They passed by the bakery, where Rebekah could see Mrs. Wilson bustling about inside. Had Ed pursued the estimate? In her distraction and the upset emotions of the past days, no one had told her and she hadn’t asked.

She missed him.

Merritt nudged her arm. “I’m worried about you. You aren’t acting like yourself.”

“Sorry,” she said again.

Her anguish tightened inside her as they neared the newspaper office. The brown paper covering the broken window made her want to cry all over again, as did the Closed sign hanging on the door.

Merritt stood silent beside her.

Whoever had destroyed her beloved paper was still out there.

All of a sudden, she couldn’t hold back the torrent of words inside her.

“I’ve tried too hard to keep things perfect—just the way they should be—ever since that ad arrived.

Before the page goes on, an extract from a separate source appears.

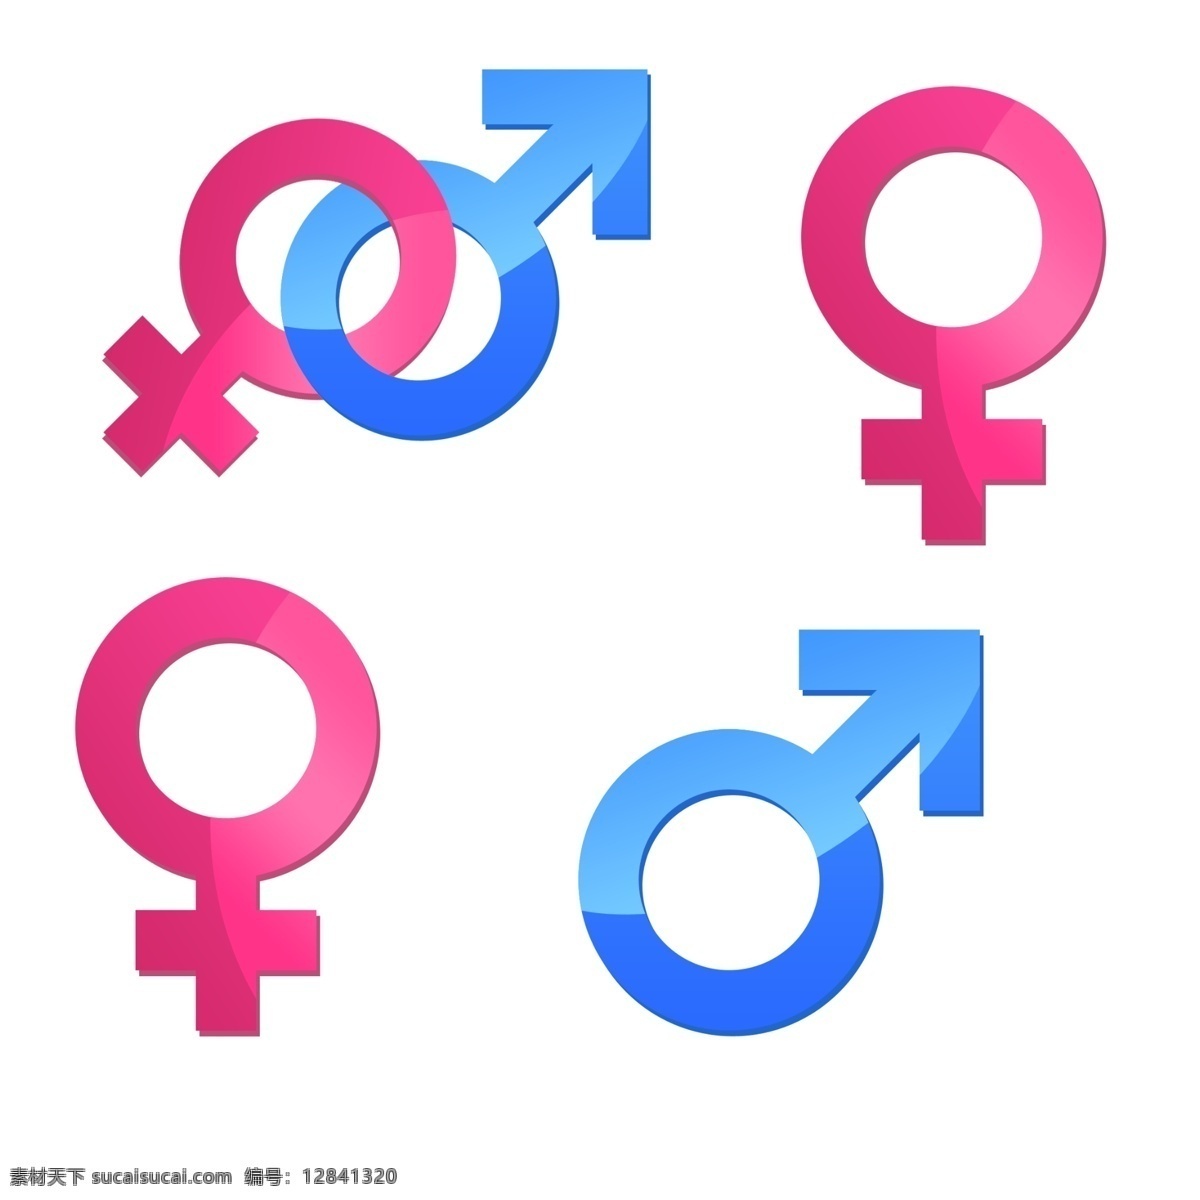 男性 女性 标志 性别 男性女性 抽象立体 psd素材 电子商务 平台 标志图标 公共标识标志 白色

And I’ve only managed to make everything worse.”

Merritt let her stew in her thoughts for a long moment—or maybe she was thinking of what to say.

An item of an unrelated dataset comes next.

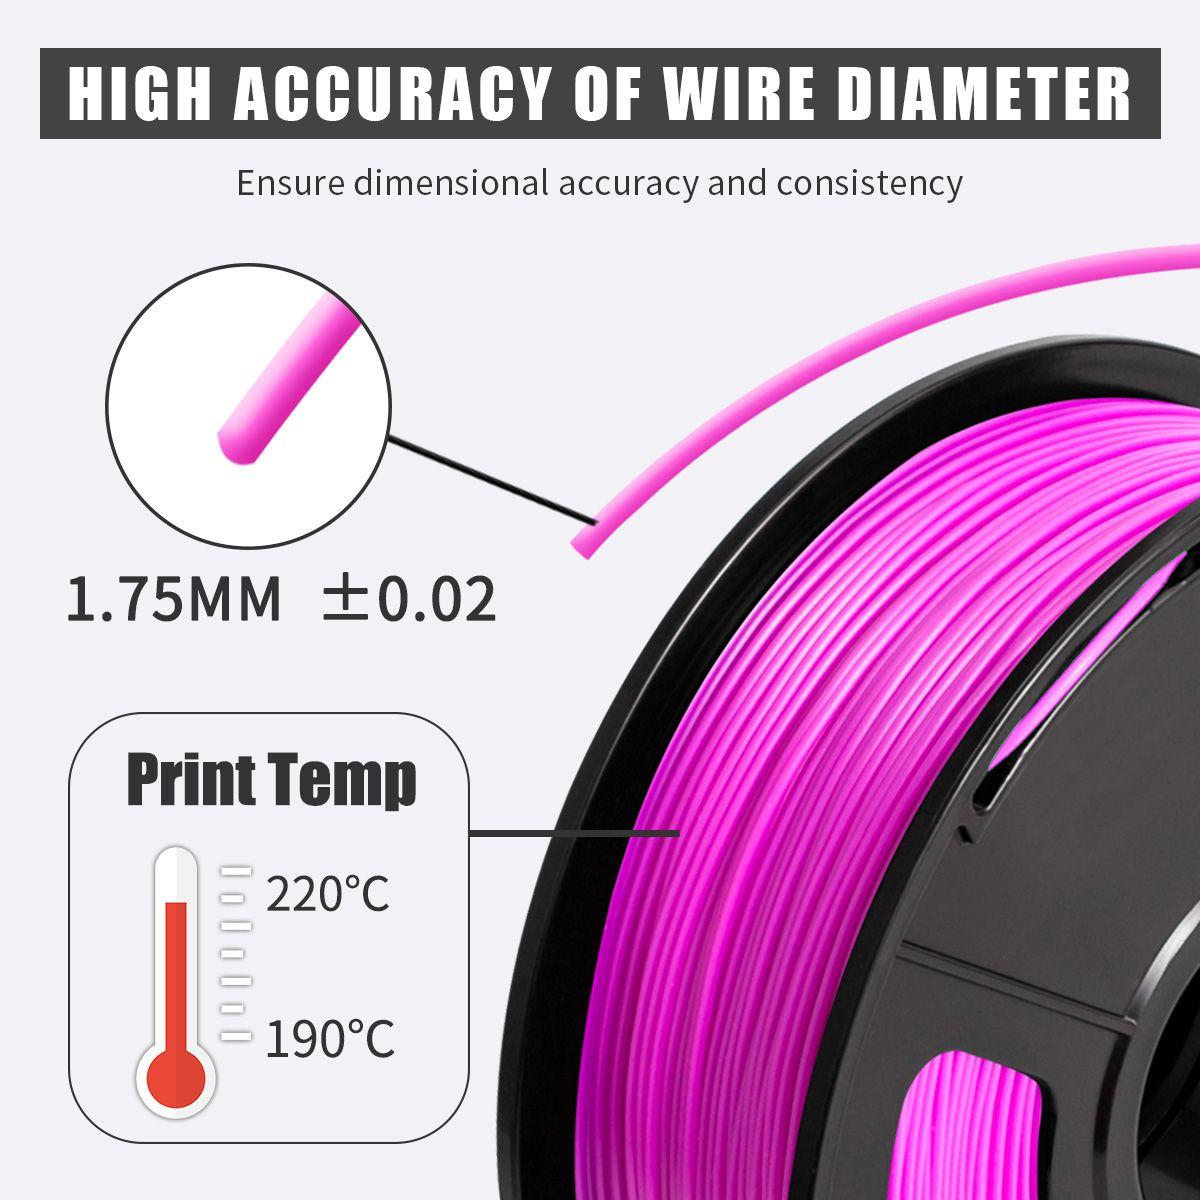 SUNLU PLA Fuchsia Filament 1.75mm 3D Printer Filament 1kg

She began slowly. “I’ve been where you are. I tried to hold on so tightly to my idea of right…but God had a better plan for me. He brought me Jack. I had to let go of my idea of how things should be.”

“I don’t know if I can do that,” Rebekah admitted.

“Have you tried? Given over your will and asked for what God wants for you?”

She hadn’t. From the beginning, she’d only gone after what she thought was best. She hadn’t even seen Ed, hadn’t considered him a friend or a suitor until they’d been forced together by circumstances she certainly wouldn’t have chosen.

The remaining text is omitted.